Thank you, I've prepared v2 with the selftest mausezahn check and will hold
it off to see how the tests would go. Also if any comments show up in the
meantime. :)

By the way I've been running a torture test all day for multiple IPv6 route
forwarding + local traffic through different CPUs while also replacing multiple
nh groups referencing multiple nexthops, so far it looks good.
Ido Schimmel Nov. 22, 2021, 9:48 a.m. UTC | #3
On Sun, Nov 21, 2021 at 08:17:49PM +0200, Nikolay Aleksandrov wrote:
> On 21/11/2021 19:55, Ido Schimmel wrote:
> > On Sun, Nov 21, 2021 at 05:24:50PM +0200, Nikolay Aleksandrov wrote:
> >> From: Nikolay Aleksandrov <nikolay@nvidia.com>
> >>
> >> Hi,
> >> This set fixes a refcount bug when replacing nexthop groups and
> >> modifying routes. It is complex because the objects look valid when
> >> debugging memory dumps, but we end up having refcount dependency between
> >> unlinked objects which can never be released, so in turn they cannot
> >> free their resources and refcounts. The problem happens because we can
> >> have stale IPv6 per-cpu dsts in nexthops which were removed from a
> >> group. Even though the IPv6 gen is bumped, the dsts won't be released
> >> until traffic passes through them or the nexthop is freed, that can take
> >> arbitrarily long time, and even worse we can create a scenario[1] where it
> >> can never be released. The fix is to release the IPv6 per-cpu dsts of
> >> replaced nexthops after an RCU grace period so no new ones can be
> >> created. To do that we add a new IPv6 stub - fib6_nh_release_dsts, which
> >> is used by the nexthop code only when necessary. We can further optimize
> >> group replacement, but that is more suited for net-next as these patches
> >> would have to be backported to stable releases.
> > 
> > Will run regression with these patches tonight and report tomorrow
> > 
> 
> Thank you, I've prepared v2 with the selftest mausezahn check and will hold
> it off to see how the tests would go. Also if any comments show up in the
> meantime. :)
> 
> By the way I've been running a torture test all day for multiple IPv6 route
> forwarding + local traffic through different CPUs while also replacing multiple
> nh groups referencing multiple nexthops, so far it looks good.
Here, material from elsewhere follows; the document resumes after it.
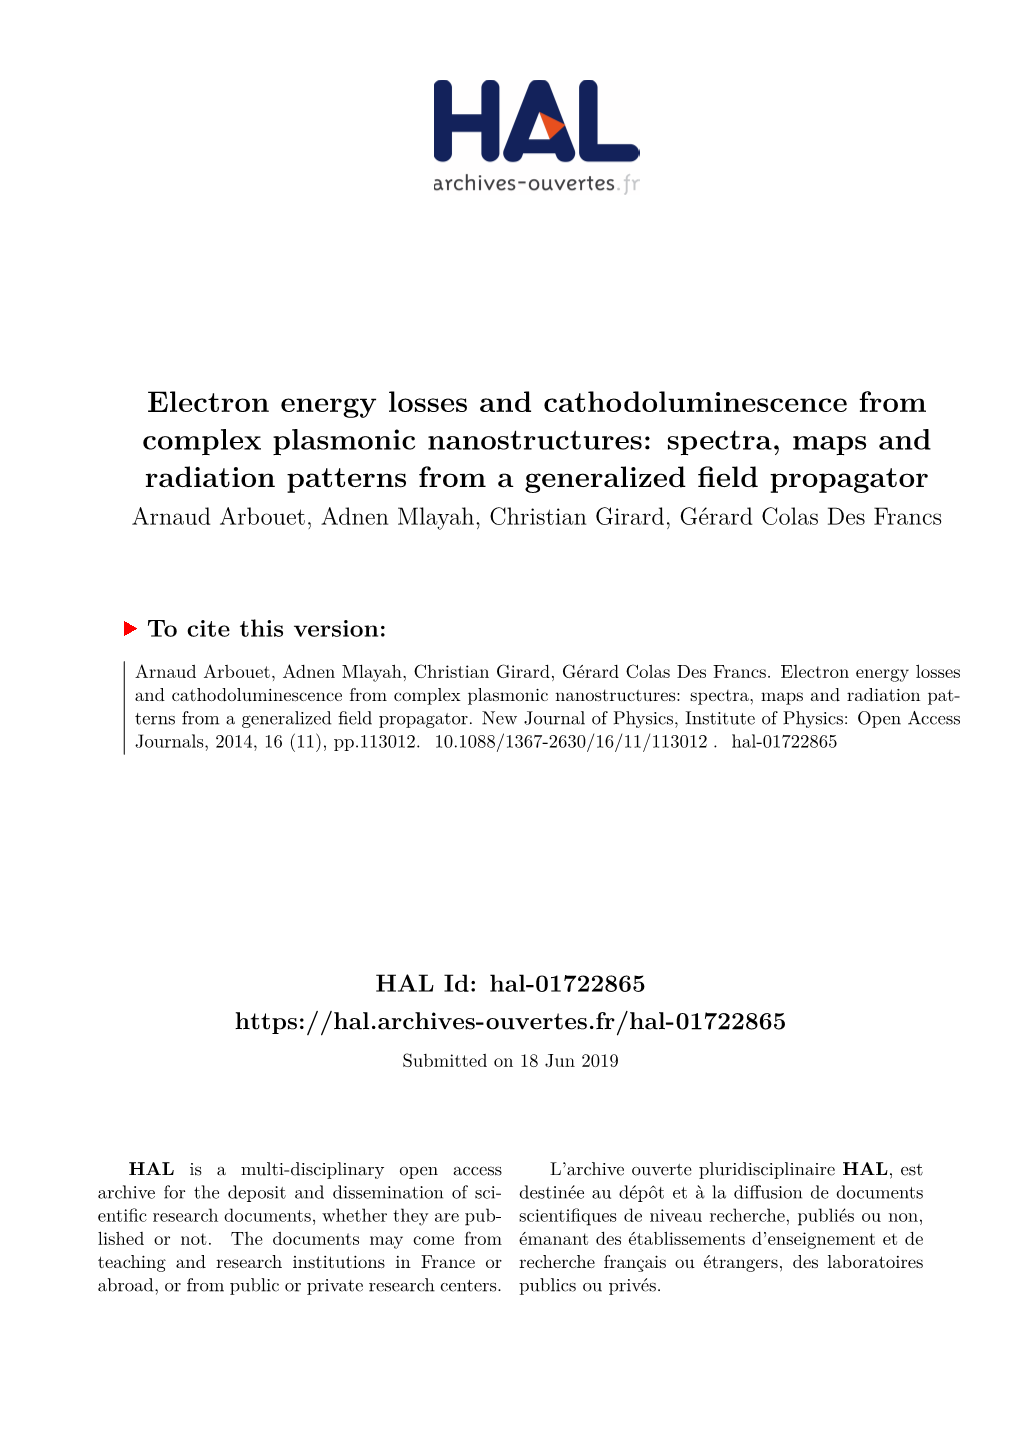 Electron Energy Losses and Cathodoluminescence from Complex Plasmonic Nanostructures: Spectra, Maps and Radiation Patterns From
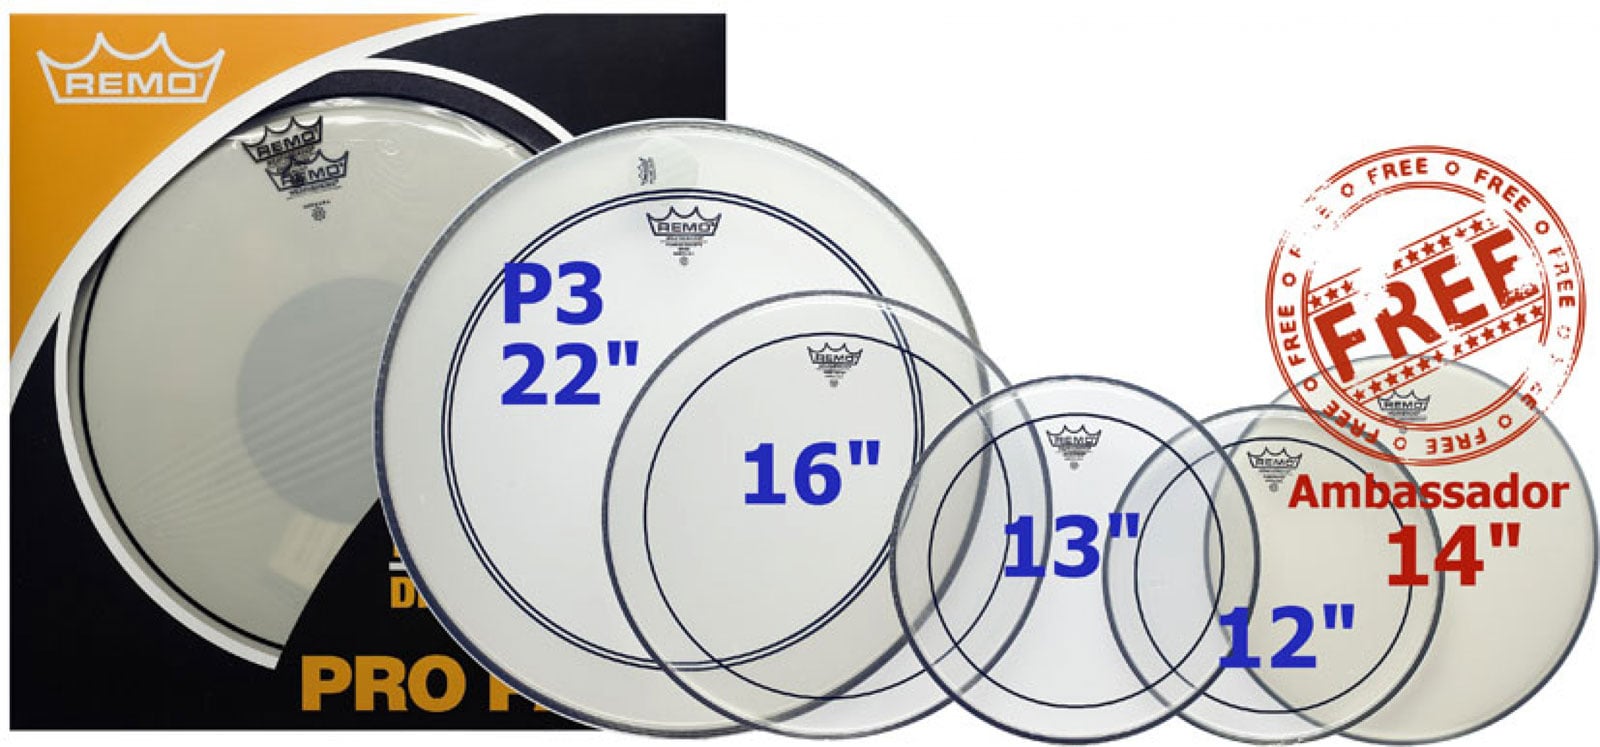 REMO PP-0270-PS - PINSTRIPE CLEAR PRO PACK - 12/13/16 + 22 (POWERSTROKE 3) BASS DRUM + 14 (AMBASSADOR C

Regression looks good. Later today I will also have results from a debug
kernel, but I think it should be fine.

Regarding patch #2, can you add a comment (or edit the commit message)
to explain why the fix is only relevant for IPv4? I made this comment,
but I think it was missed:

"This problem is specific to IPv6 because IPv4 dst entries do not hold
references on routes / FIB info thereby avoiding the circular dependency
described in the commit message?"

Thanks!
Nikolay Aleksandrov Nov. 22, 2021, 9:53 a.m. UTC | #4
On 22/11/2021 11:48, Ido Schimmel wrote:
> On Sun, Nov 21, 2021 at 08:17:49PM +0200, Nikolay Aleksandrov wrote:
>> On 21/11/2021 19:55, Ido Schimmel wrote:
>>> On Sun, Nov 21, 2021 at 05:24:50PM +0200, Nikolay Aleksandrov wrote:
>>>> From: Nikolay Aleksandrov <nikolay@nvidia.com>
>>>>
>>>> Hi,
>>>> This set fixes a refcount bug when replacing nexthop groups and
>>>> modifying routes. It is complex because the objects look valid when
>>>> debugging memory dumps, but we end up having refcount dependency between
>>>> unlinked objects which can never be released, so in turn they cannot
>>>> free their resources and refcounts. The problem happens because we can
>>>> have stale IPv6 per-cpu dsts in nexthops which were removed from a
>>>> group. Even though the IPv6 gen is bumped, the dsts won't be released
>>>> until traffic passes through them or the nexthop is freed, that can take
>>>> arbitrarily long time, and even worse we can create a scenario[1] where it
>>>> can never be released. The fix is to release the IPv6 per-cpu dsts of
>>>> replaced nexthops after an RCU grace period so no new ones can be
>>>> created. To do that we add a new IPv6 stub - fib6_nh_release_dsts, which
>>>> is used by the nexthop code only when necessary. We can further optimize
>>>> group replacement, but that is more suited for net-next as these patches
>>>> would have to be backported to stable releases.
>>>
>>> Will run regression with these patches tonight and report tomorrow
>>>
>>
>> Thank you, I've prepared v2 with the selftest mausezahn check and will hold
>> it off to see how the tests would go. Also if any comments show up in the
>> meantime. :)
>>
>> By the way I've been running a torture test all day for multiple IPv6 route
>> forwarding + local traffic through different CPUs while also replacing multiple
>> nh groups referencing multiple nexthops, so far it looks good.
> 
> Regression looks good. Later today I will also have results from a debug
> kernel, but I think it should be fine.
> 
> Regarding patch #2, can you add a comment (or edit the commit message)
> to explain why the fix is only relevant for IPv4? I made this comment,
> but I think it was missed:
> 

I saw it, I've updated the commit msg to reflect why IPv4 isn't affected.

> "This problem is specific to IPv6 because IPv4 dst entries do not hold
> references on routes / FIB info thereby avoiding the circular dependency
> described in the commit message?"
> > Thanks!
> 

Cheers,
 Nik